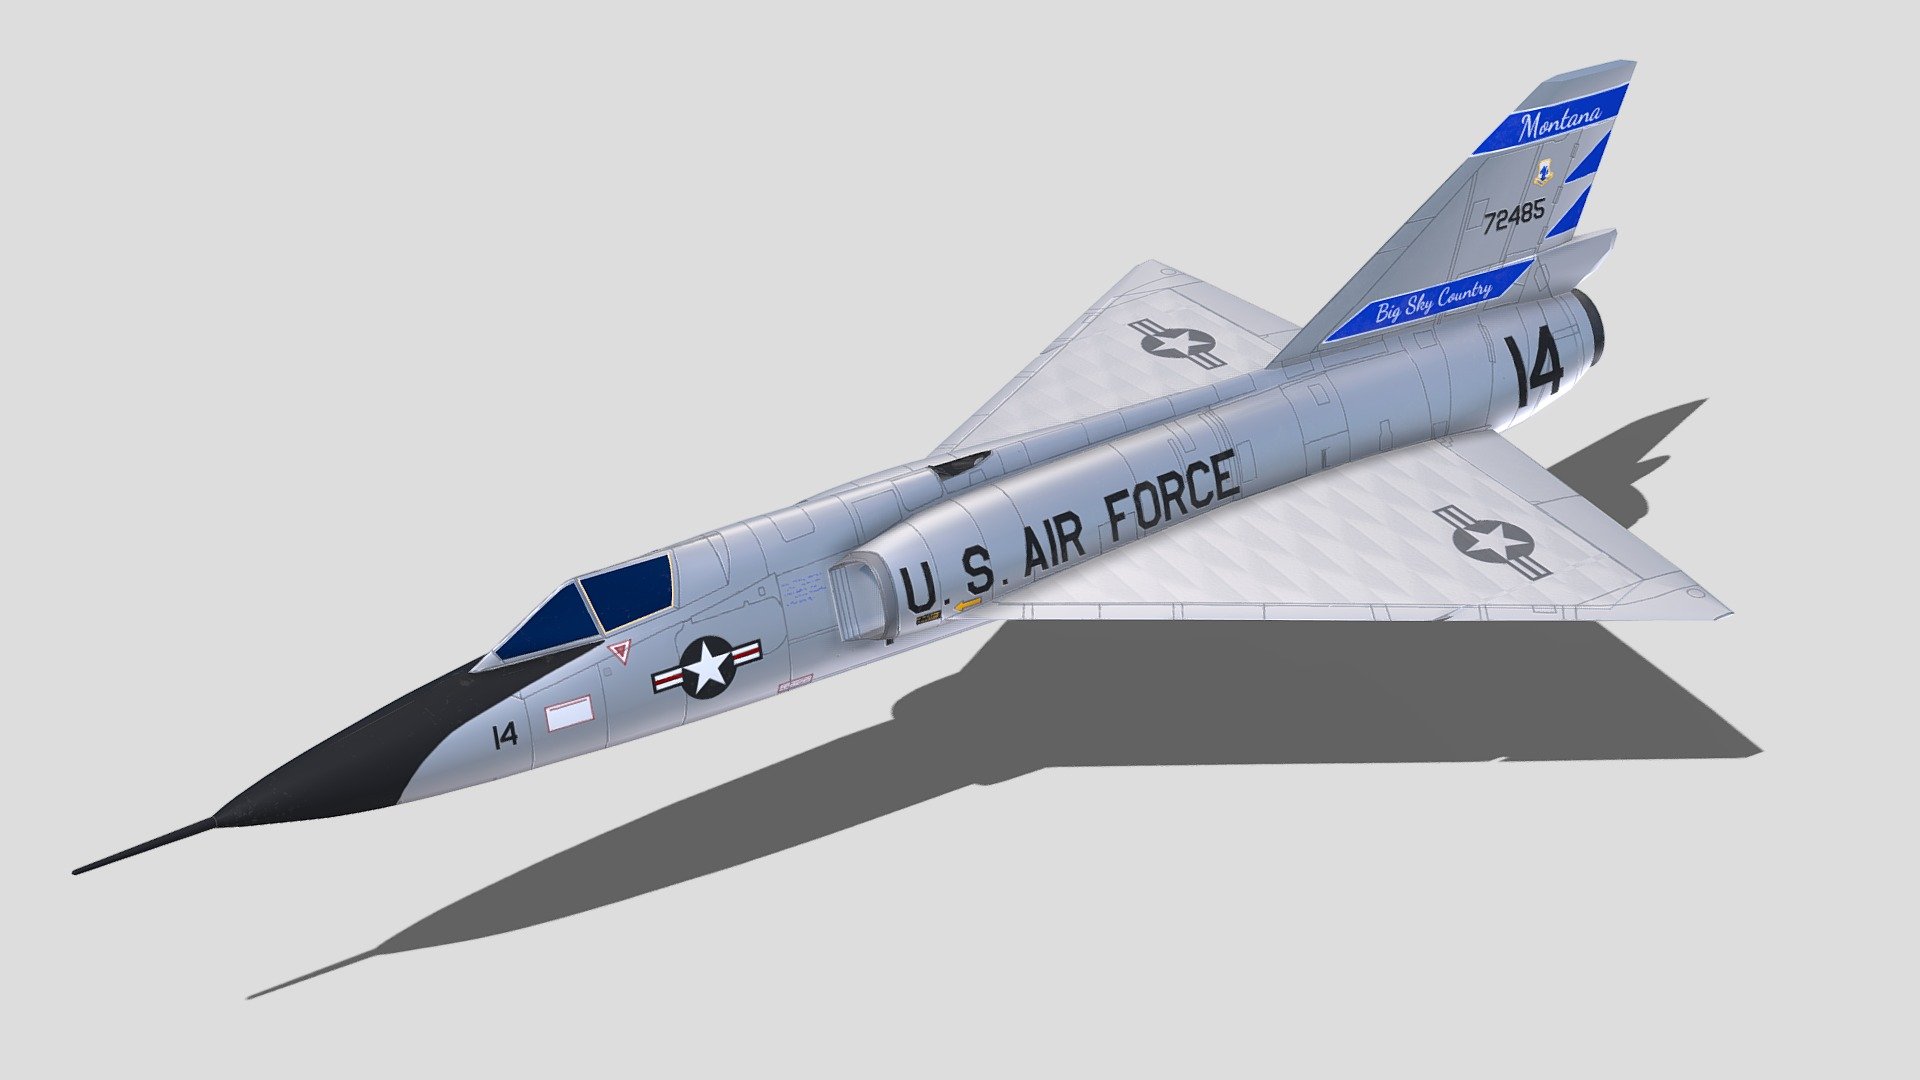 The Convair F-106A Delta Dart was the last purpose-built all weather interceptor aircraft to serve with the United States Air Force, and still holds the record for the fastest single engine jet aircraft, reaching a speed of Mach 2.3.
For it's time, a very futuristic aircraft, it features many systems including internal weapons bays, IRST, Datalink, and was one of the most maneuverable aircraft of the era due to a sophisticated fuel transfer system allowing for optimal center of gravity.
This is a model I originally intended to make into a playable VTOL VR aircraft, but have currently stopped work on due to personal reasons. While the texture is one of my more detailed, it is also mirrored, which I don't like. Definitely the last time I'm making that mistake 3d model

==

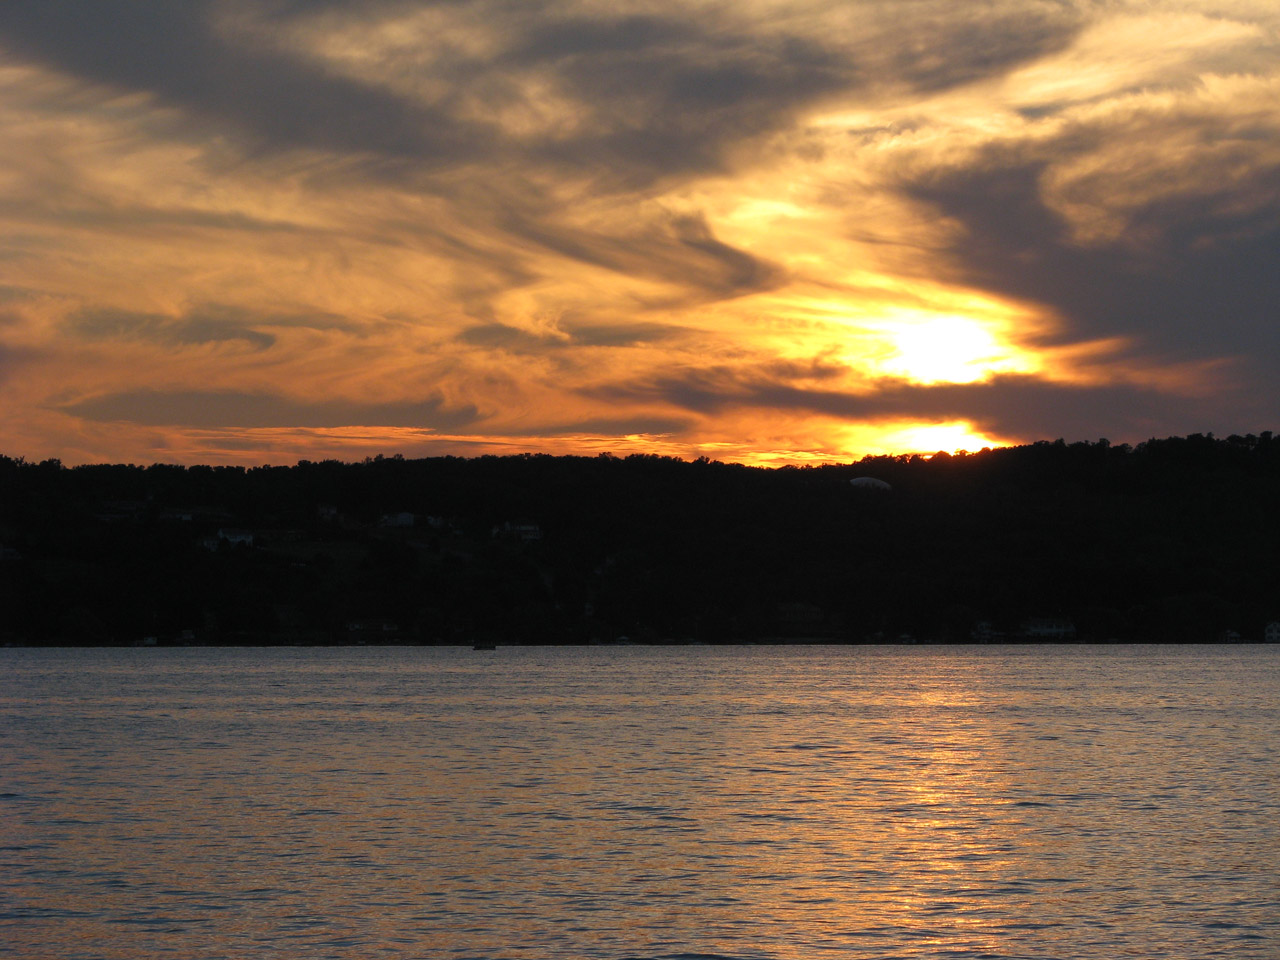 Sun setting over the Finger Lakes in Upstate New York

Task requirements. Would you copy out exactly the lines above that start at the one containing "For it's time, a" and end at the one containing "This is a model", inclusive?

Solution.
For it's time, a very futuristic aircraft, it features many systems including internal weapons bays, IRST, Datalink, and was one of the most maneuverable aircraft of the era due to a sophisticated fuel transfer system allowing for optimal center of gravity.
This is a model I originally intended to make into a playable VTOL VR aircraft, but have currently stopped work on due to personal reasons. While the texture is one of my more detailed, it is also mirrored, which I don't like. Definitely the last time I'm making that mistake 3d model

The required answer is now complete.